The greatest thing you can do at this point of the learning process is to be calm and patient and use positive reinforcement. Avoid penalizing your child for making mistakes since this will just increase their worry and possibly lead to a power struggle.
Instead, try not to make a big deal out of the occasional accidents while making a huge deal (in a good manner!) out of successfully using the potty.
When an accident occurs, simply say, “Uh oh, let’s go on the potty,” and then leave it at that.

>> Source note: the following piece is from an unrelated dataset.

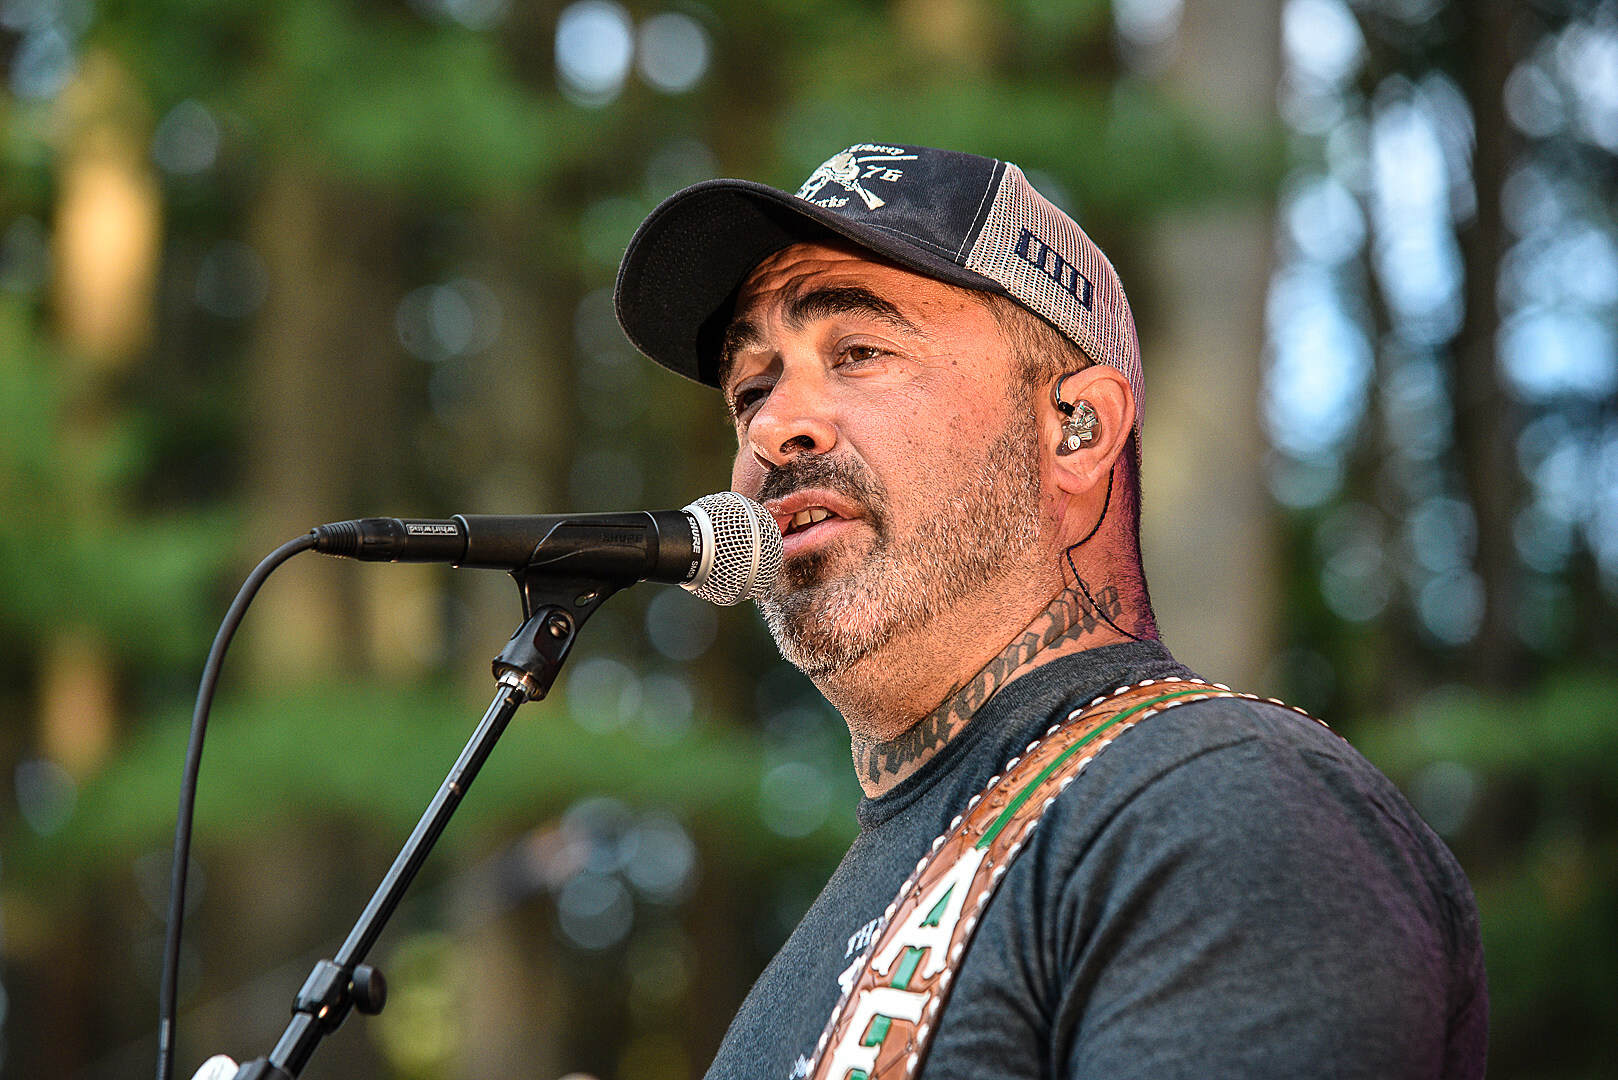 Who Was Aaron Lewis The Lead Singer For

Return to Providing Reminders
In some ways, it seems like you’re going back to the beginning of toilet training. However, there is some good news! Even if you’re going backward, it’s just for a short time, and you’ll be able to make significant forward progress in no time.
Make sure your child is reminded to use the restroom on a regular basis. Simply include it into your regular regimen.
Giving a reminder every couple of hours seems to work well for my kid while he was going through this. I just set a timer on my phone to remind me to do it, even if I was elsewhere occupied.
Don’t forget to enlist the help of everyone in your children’s life. It will speed up the process for everyone involved—teachers, grandmothers etc.
You may also review your potty training books with your child.
Praise And Rewards
External rewards are effective motivators for achieving a goal, and this is true for potty training relapse as well. Consider putting in a reward system or a sticker chart / reward chart. That’s what we did with my kid, and it really helped him stay motivated to “get back on track.”
You’ve Got This
Many toilet training regressions are resolved in a matter of weeks, but it might take up to a month in certain cases.
If it lasts longer than that and the wet clothes are making you angry and you’re giving negative attention to your child and and you haven’t visited a doctor, you should consult your children’s pediatrician to make sure there isn’t an underlying health concern.
Keep going and staying the course…You’ll be on your way to the other side of this true regression shortly!